Un projet : constituer l’atlas des villes qui n’existent pas.
— Présentation du projet
— Sommaire des textes :

– #1 Bielefeld – #6 Atitlán – #11 Byblos - #16 Dugway
– #2 Atlantide – #7 Babel – #12 Beauregard - #17 Tchernobyl
– #3 Troie – #8 Potemkine – #13 Monde vide -#18 Eldorado
– #4 Detroit – #9 Guanahani – #14 Çatal Höyük - #19 L’île de Bermeja
– #5 Tombouctou – #10 Ghjirulatu – #15 Jéricho

Et pour continuer : la plus riche de toutes : Eldorado


Gaîment accoutré, un galant chevalier, au soleil et par les ténèbres, avait longtemps voyagé, chantant une chanson, à la recherche de l’Eldorado.

C’est l’histoire d’un homme qui s’avance dans les eaux glacées du lac ; il ferme les yeux. Tandis qu’on verse sur lui les chants sacrés, on souffle la poudre d’or pour en couvrir son corps et faire de lui un nouveau roi, un nouveau dieu, fils du soleil brillant comme le soleil. Il ouvre les yeux. Sur les rives du lac de Guatavita, la foule hurle, évidemment, de terreur et de joie, et dans les cris qu’on jette, on jette aussi l’or à poignée dans les profondeurs du lac qui l’avale sous le jour parfait de midi.

Quand il aura plongé trois fois son corps entier sous l’eau, il ressortira plus pur, l’homme dieu, seul roi du monde, voix sur terre de Bochica, père de tout et lui-même fils du soleil. Il se tournera vers la foule, soudain silencieuse : il dira les paroles. Tous s’agenouilleront, implorant merci et grâce. Ils lèveront les yeux sur lui, et ce ne sera plus un homme, mais le Doré.

On remettra son sceptre à l’El Dorado, qui retrouvera, suivi en procession de tous les hommes de la terre, vers la cité antre de vie, la ville d’où rayonne le nom jusqu’à la fin des temps.

Quand ils entendent le récit, mal traduit, mal écouté par des oreilles catholiques à la recherche depuis déjà au moins mille ans des villes dressées d’or, tramées dans les légendes mauresques, des vols de reliques, des coupes de sang éternel, ils n’attendent pas la fin, ces conquérants de Madrid qui ont traversé la mer Océane pour voir la Birmanie et le Japon, et qui ne se retrouvaient que dans la jungle parmi des animaux sauvages et des hommes plus nus que la terre.

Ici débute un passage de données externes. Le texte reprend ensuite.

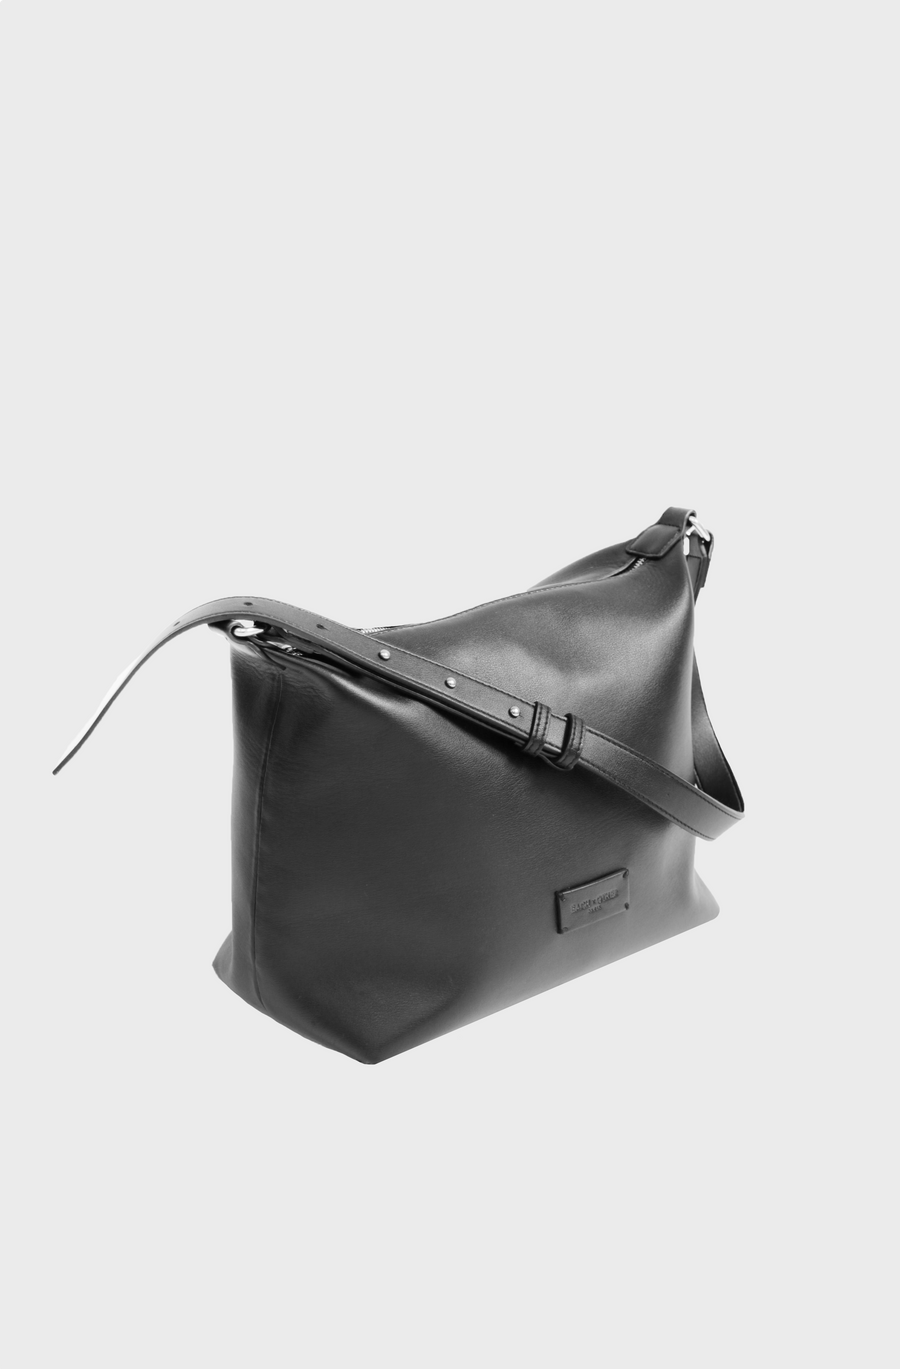 Each Other x Elizabeth Sulcer Soft Leather Large Hobo Bag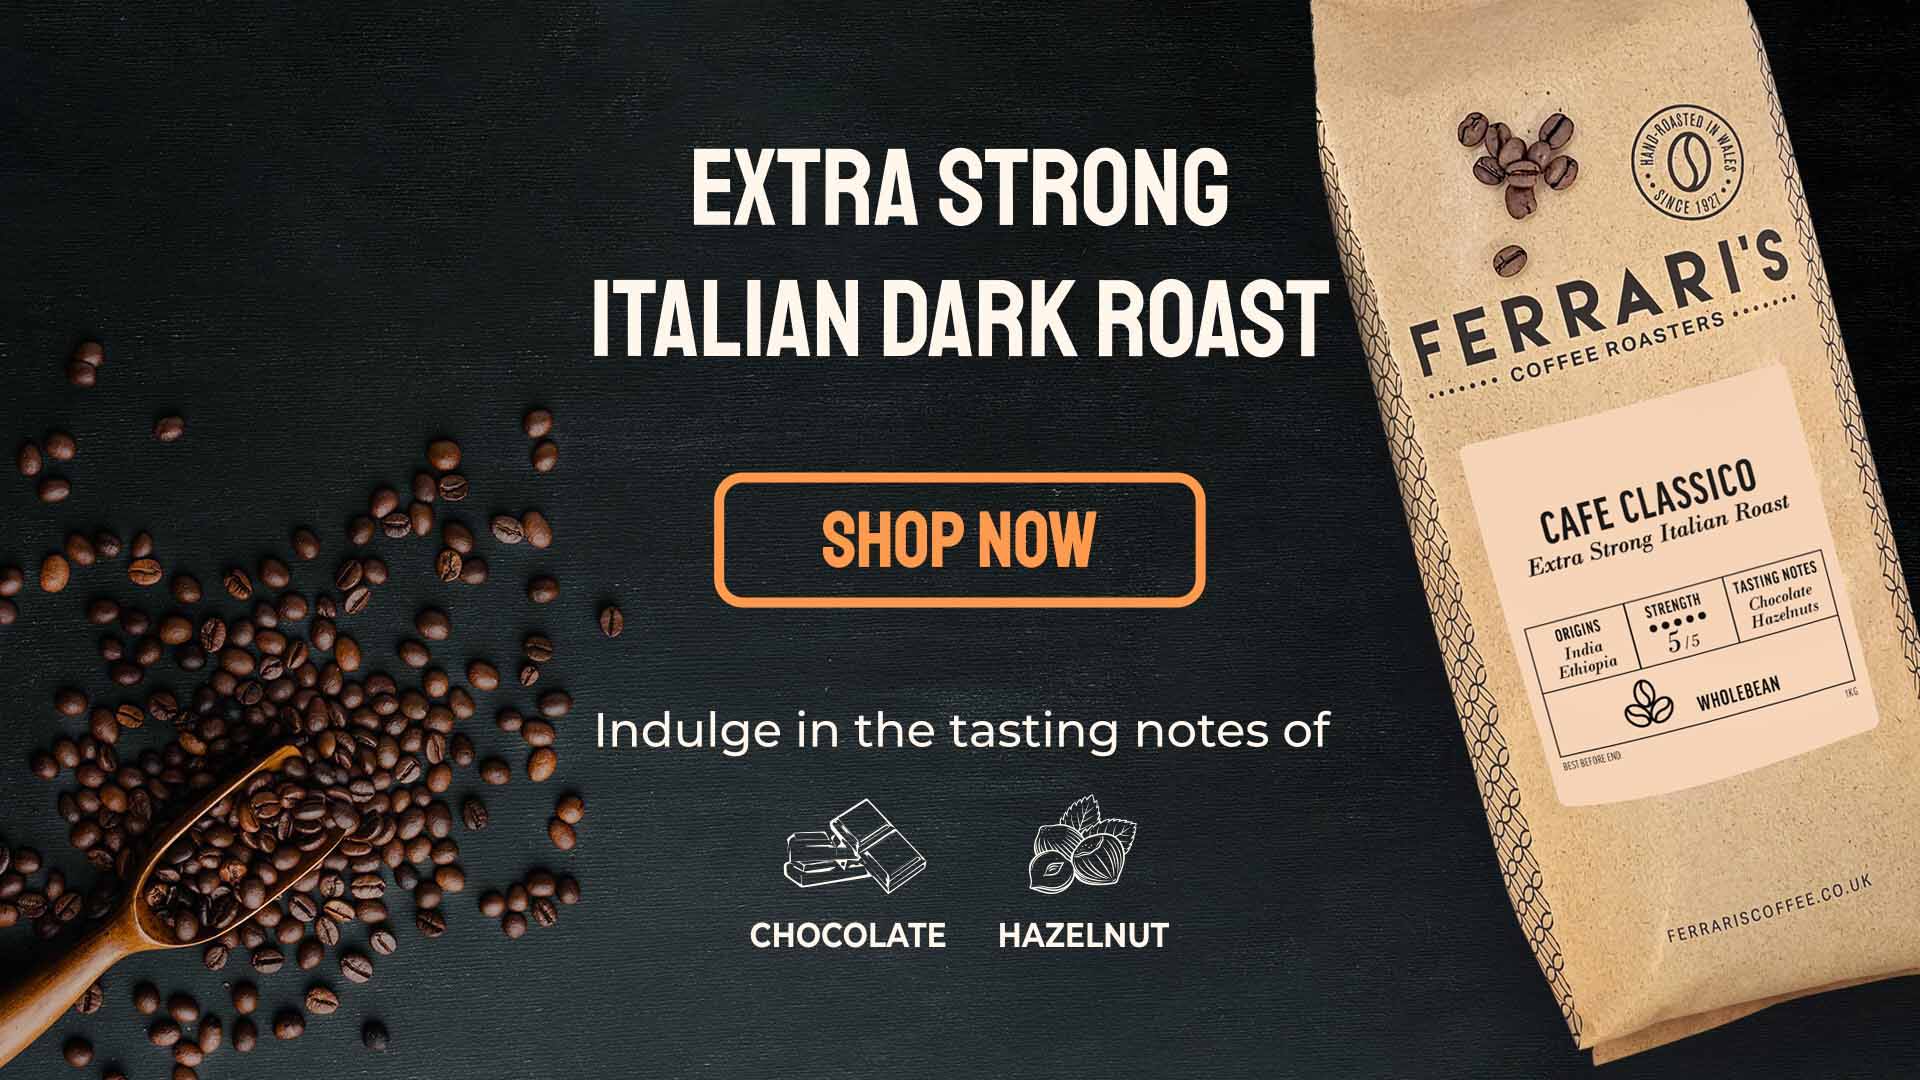 Ferrari's Coffee, Cafe Classico, Extra Strong Italian Dark Roast

Alors, oui, avant la fin du récit, ils partent : avec armes, et peu de bagages.

Ils s’enfoncent dans la forêt obscure, au nord, au sud, à l’ouest : ils ne savent pas où ils vont dans ces lieux sans noms où les étoiles mêmes semblent briller plus terriblement : ils vont, ce pourrait être tout aussi bien devant, plus loin, par là.

Juin 1527. Panfilo de Narváez, Capitán General du Río de Las Palmas s’enfonce quelque part dans la première forêt qu’il trouve pour aller arpenter ses propres terres où il n’est jamais allé et où se dressera, évidemment, la cité d’or : cinq navires l’entourent et six cent hommes lourds d’armes et de sang. Quand il se retourne, ils sont quatre à vivre encore, et lui-même est mort. Alonso Del Castillo Maldonado, Andrés Dorantes de Carranza, Alvar Núñez Cabeza de Vaca et Estebanico, leur esclave. Ils diront seulement qu’ils ont vu la mer d’herbe, et ils seront engloutis dans l’oubli.

Mars 1539. Marcos de Niza, qui croyait autant dans l’or qu’en Dieu, autant dire férocement, et plus sauvagement peut-être qu’en Dieu, prit la route qui existe seulement si on la tranche devant soi avec la machette : moine franciscain, il prit surtout le chemin de ses délires. Il fut le seul à revenir de son voyage qui avait massacré cinq cent des siens, et il dira ce qu’il a vu : la Ville aux chemins tapissés d’argent et d’or, de perles, les maisons peintes couleur du ciel pur et seul vrai. Il pointa un endroit dans l’horizon où s’engouffra Coronado et trois cent hommes, chevaux, épées. Quand ils arrivent au lieu dit, ce jour d’avril 1540, ils ne voient que de la terre, des arbres épais, un ciel vengeur. Ils maudissent le moine, ils maudissent le ciel et la terre, ils maudissent tout et s’effondrent.

Plus tard. Garcia Lopez de Cárdenas part aussi, également escortés et plus lourdement encore pour mieux se perdre corps et âmes. Tous cherchent et cherchent encore la route que les Hopis leur avaient patiemment déployé, dans leur langue inouïe, et peut-être en riant, heureux du tour mauvais.

Plus tard encore. Encore plus tard. Toujours plus tard. Combien d’autres engloutis, enfoncés, terrassés, combien effondrés autour de ruines qui n’étaient que de la poussière.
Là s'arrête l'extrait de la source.